I thought watching the Bobcats lose by 27 at Cleveland on Wednesday night was painful. But the Lakers took “painful” to a whole new subterranean level in the first half. They were awful.

Tickets were going for as much as $100 for upper-deck seats for the Lakers’ first appearance in Charlotte since 2011, one broker outside the arena told me. But Lakers fans didn’t get their money’s worth early. The Lakers have had 50 games to get used to each other and still looked like a team with no identity.

Said Lakers coach Mike D’Antoni: “All the B.S. on the outside, we’ve just got to shut it off and play hard…. We just got to be able to put earplugs in, or mufflers on, or a blender on.”

Or, as Kobe said later: “It can’t be about individual touches.
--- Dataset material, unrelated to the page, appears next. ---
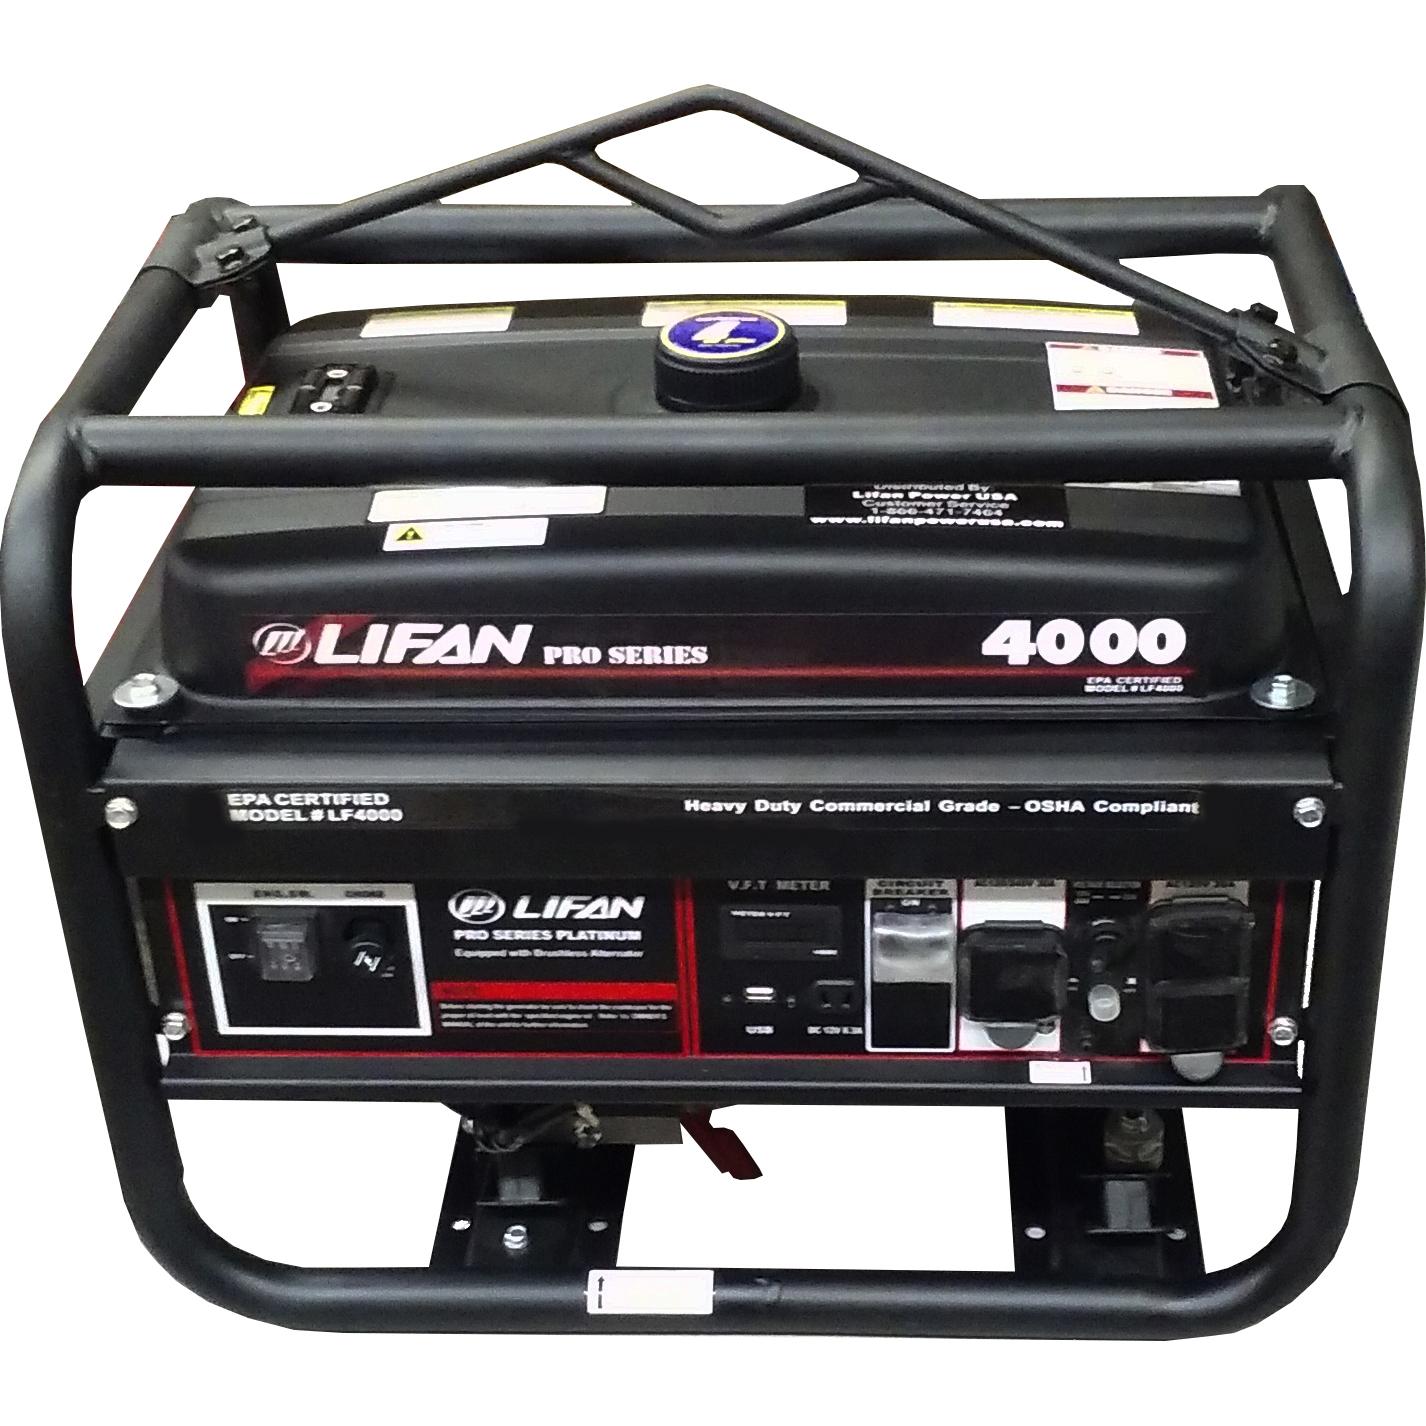 LIFAN LF4000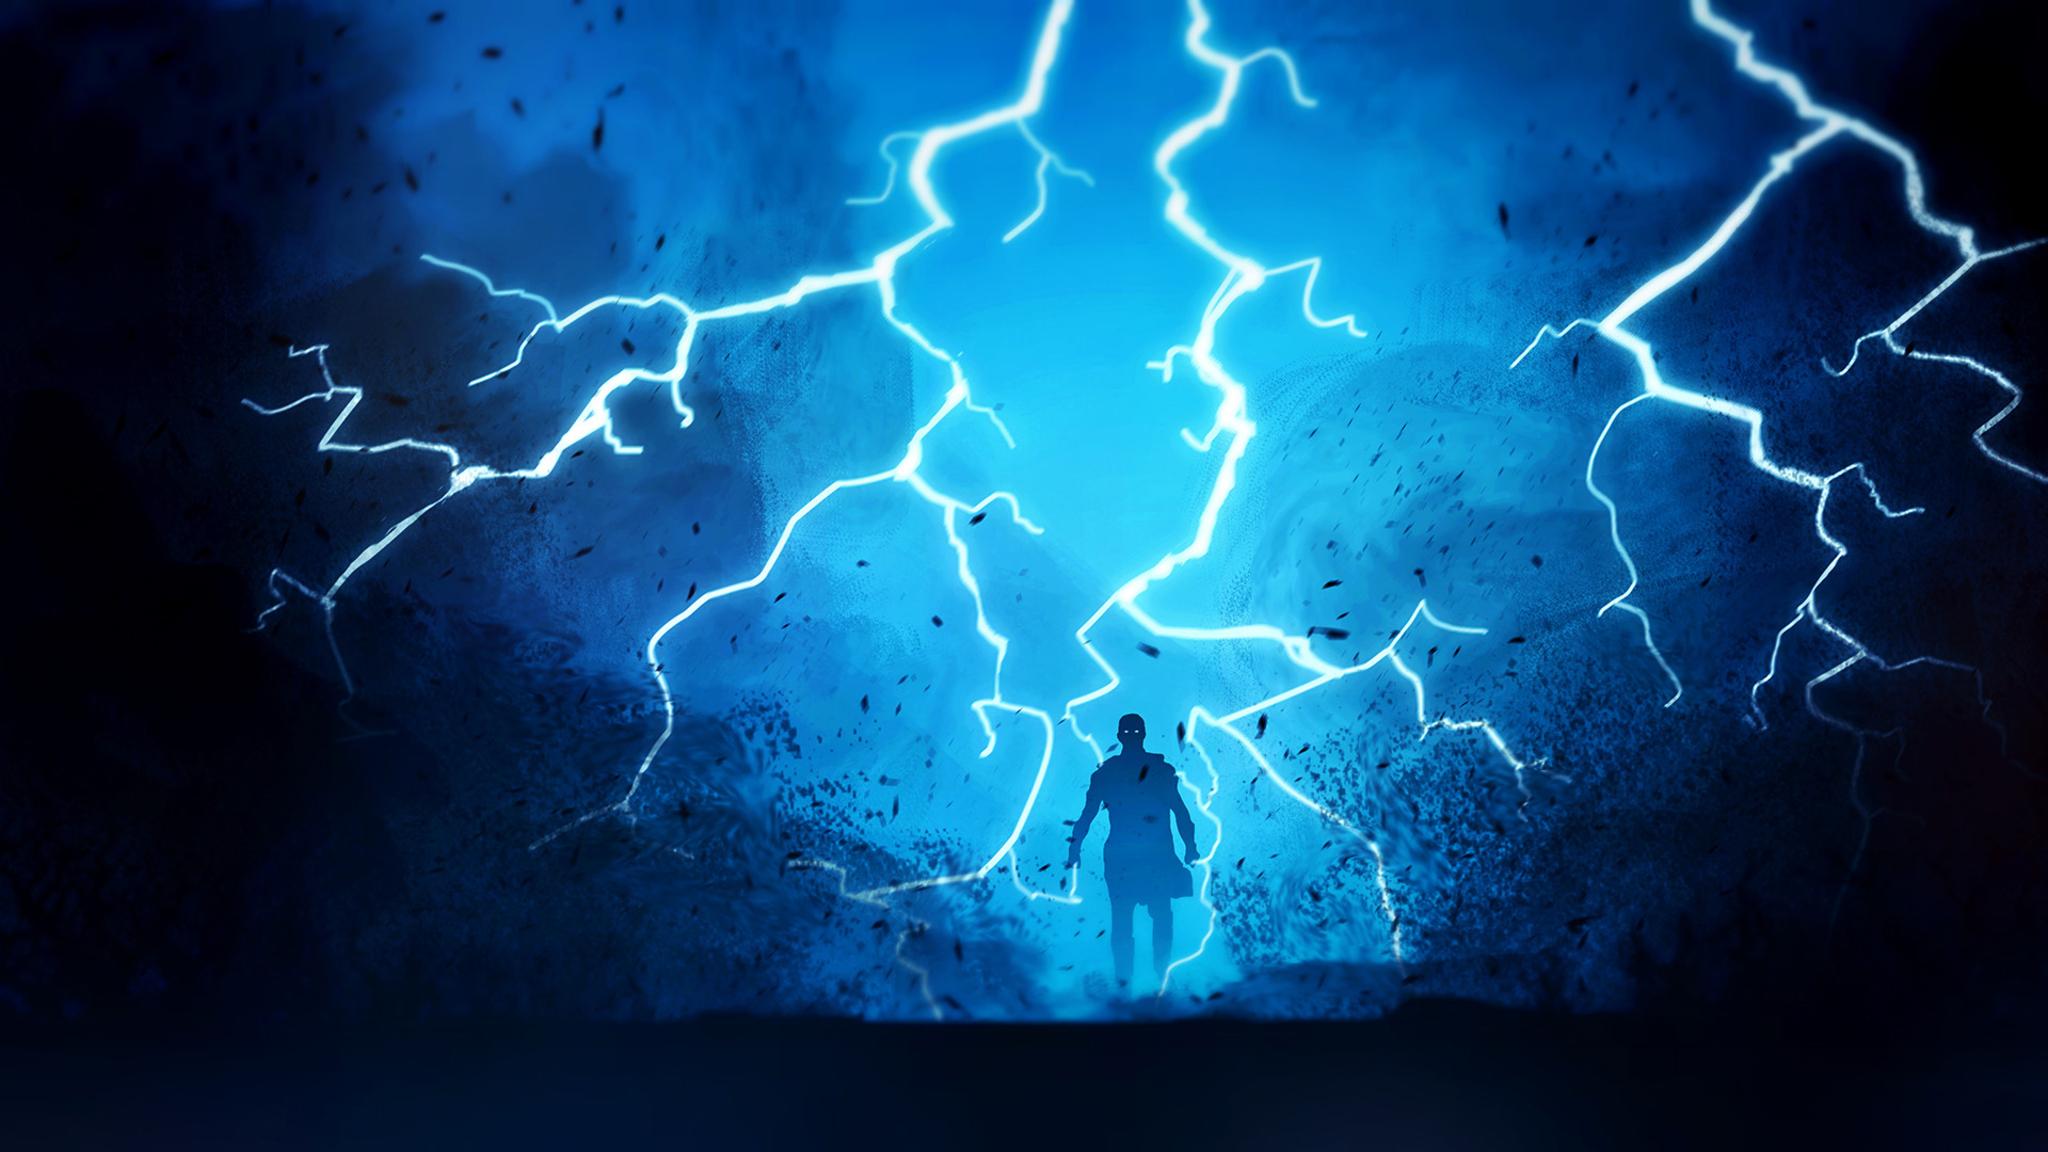 2048x1152 warrior fantasy lightning 2048x1152 resolution hd 4k wallpapers images backgrounds - Lightning wallpaper 4k ...

It just can’t be about that.”

At the end, it wasn’t. It was about Kobe winning the game for the Lakers, as he has done hundreds of times over the years. Said D’Antoni: “Kobe controlled the game at the end.”

Late in the game, Lakers fans started shouting “MVP! MVP!” The echoes could be heard throughout the arena.

The Bobcats (11-38) got good games from Byron Mullens (20 points, 12 rebounds), Gerald Henderson (20 points, 10 rebounds) and Walker (18 points, eight assists).

But when Kobe decided to be Kobe again – even on a Lakers team that is only 24-27 – it still wasn’t enough. The Lakers gave them a run for it, but the Bobcats remain the NBA’s worst.